INFORMATION SUPPLIED:
********************

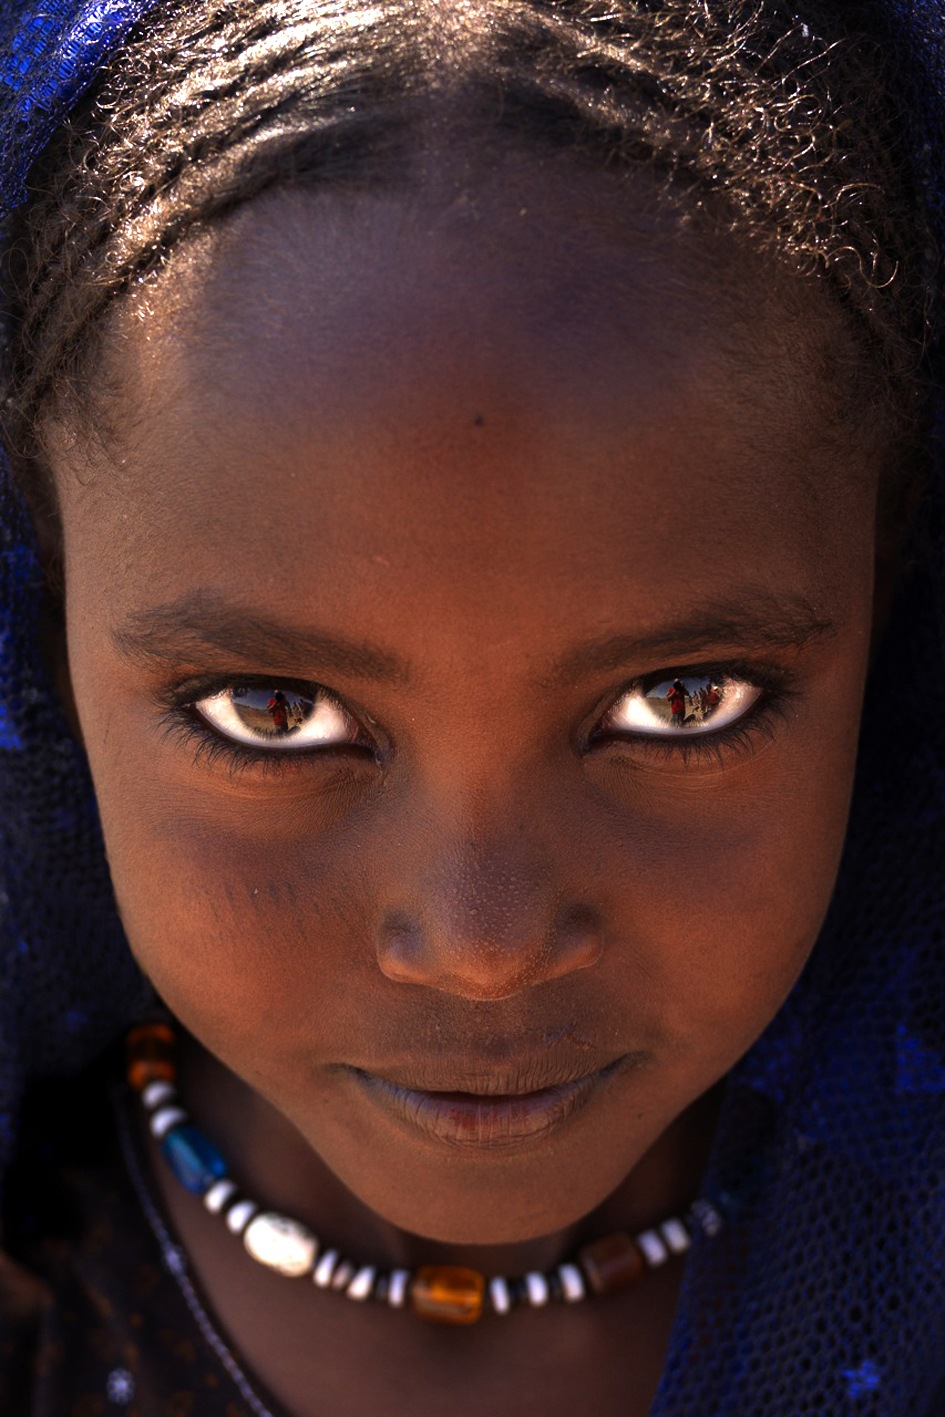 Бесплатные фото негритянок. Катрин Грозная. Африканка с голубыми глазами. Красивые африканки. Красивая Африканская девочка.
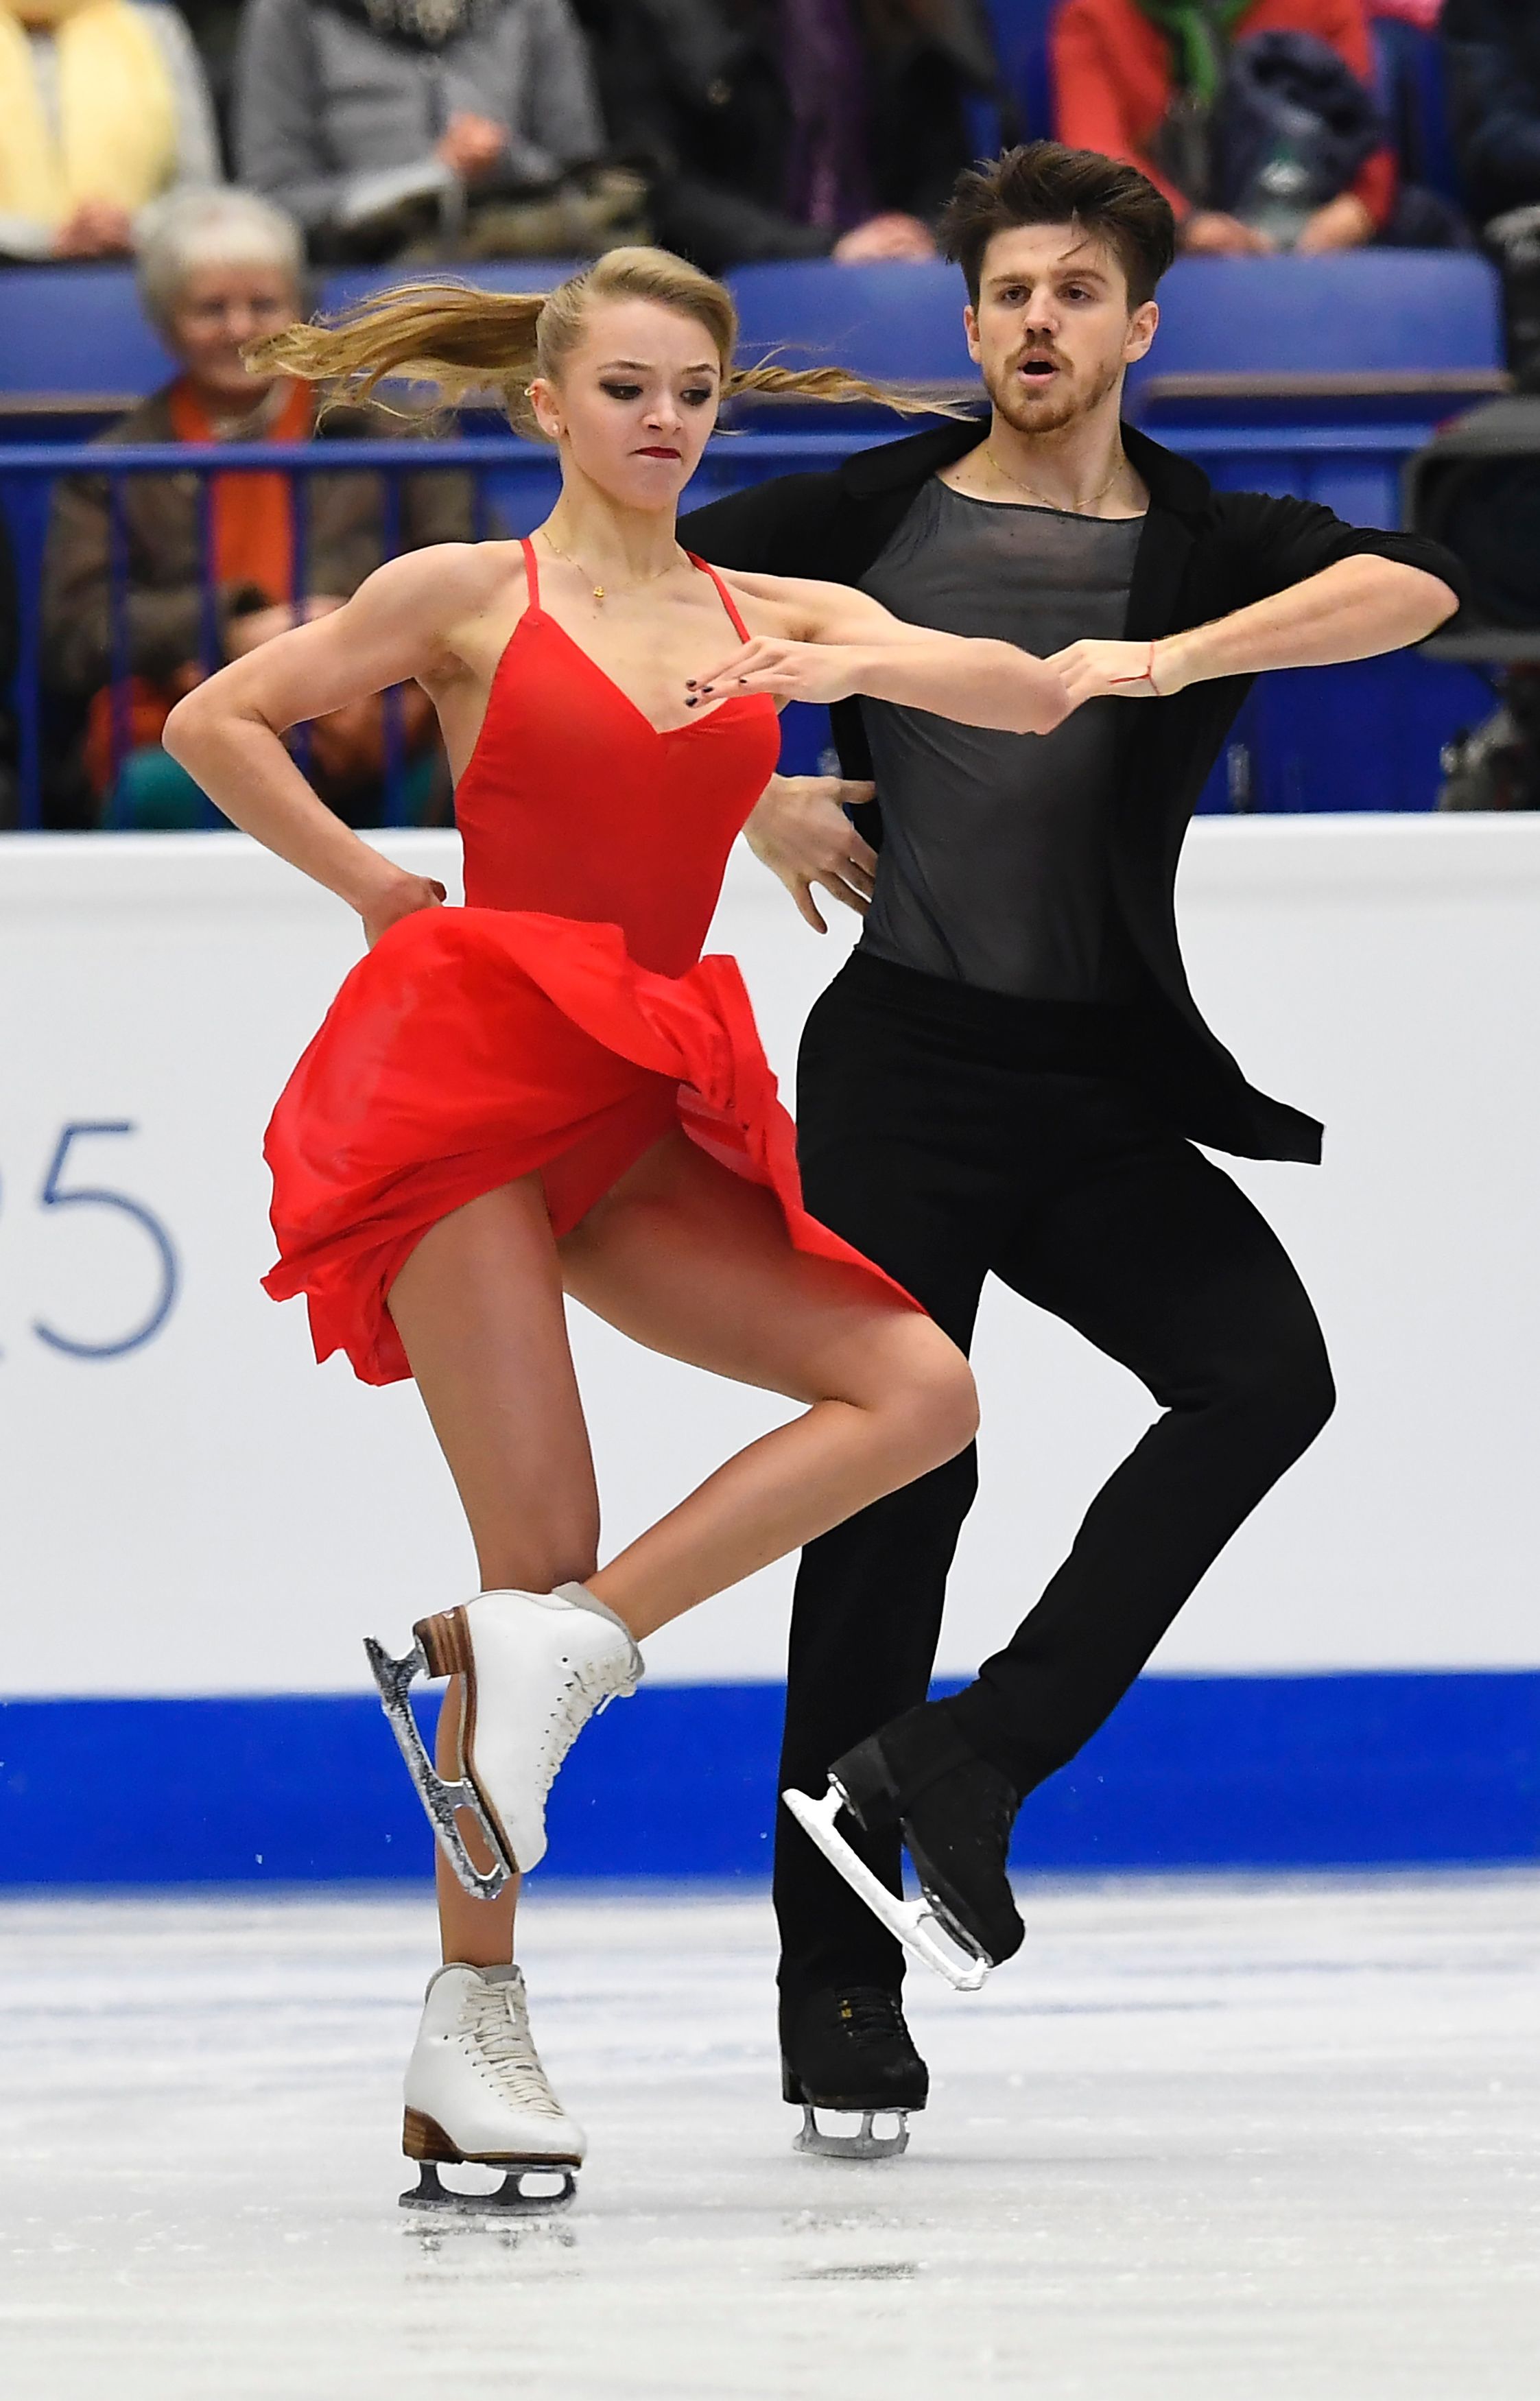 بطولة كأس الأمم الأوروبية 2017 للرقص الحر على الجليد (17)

********************

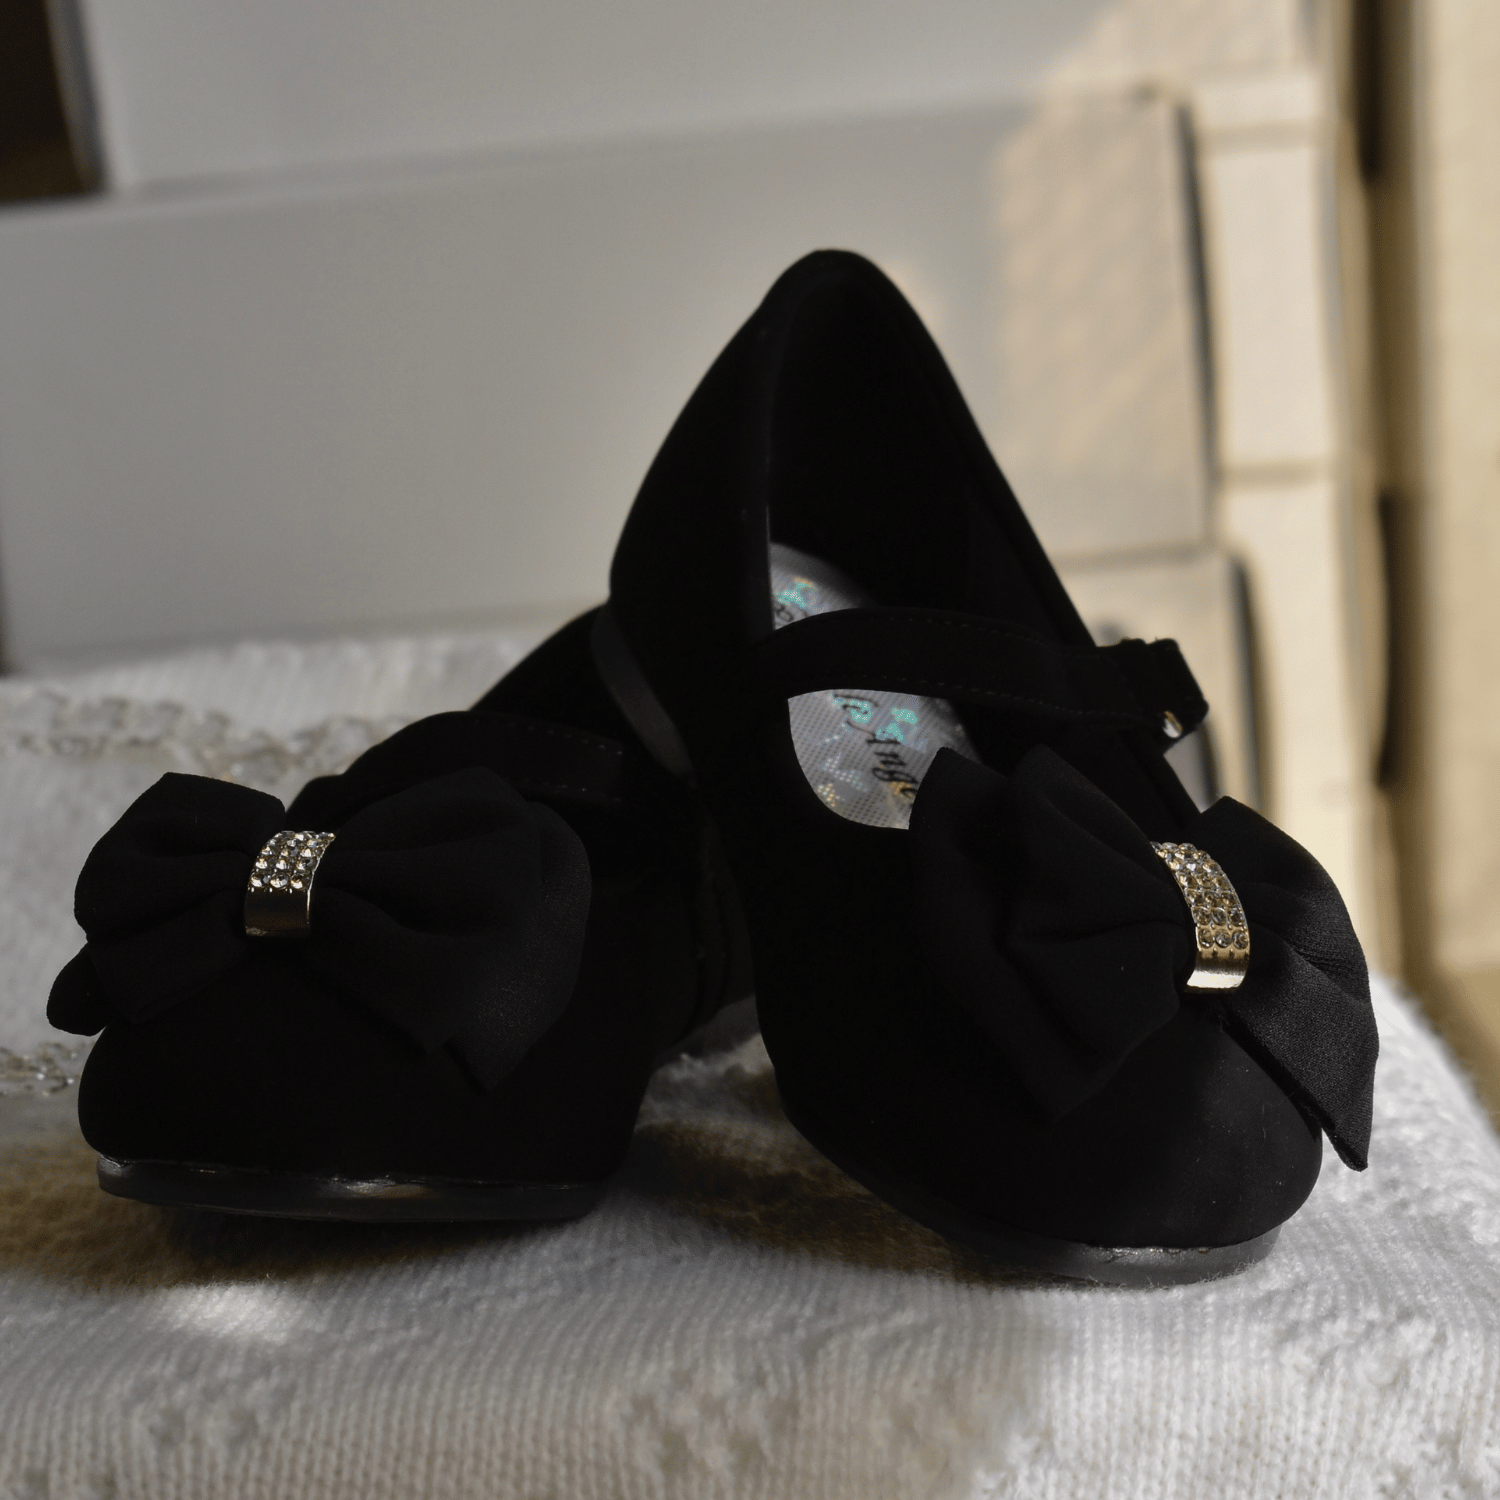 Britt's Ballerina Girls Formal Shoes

********************

TASK STATEMENT: Your answer must be everything above from the line with "Бесплатные фото негритянок." down to the line with "بطولة كأس الأمم", word for word, and no pictures.

TASK SOLUTION:
 Бесплатные фото негритянок. Катрин Грозная. Африканка с голубыми глазами. Красивые африканки. Красивая Африканская девочка.
 بطولة كأس الأمم الأوروبية 2017 للرقص الحر على الجليد (17)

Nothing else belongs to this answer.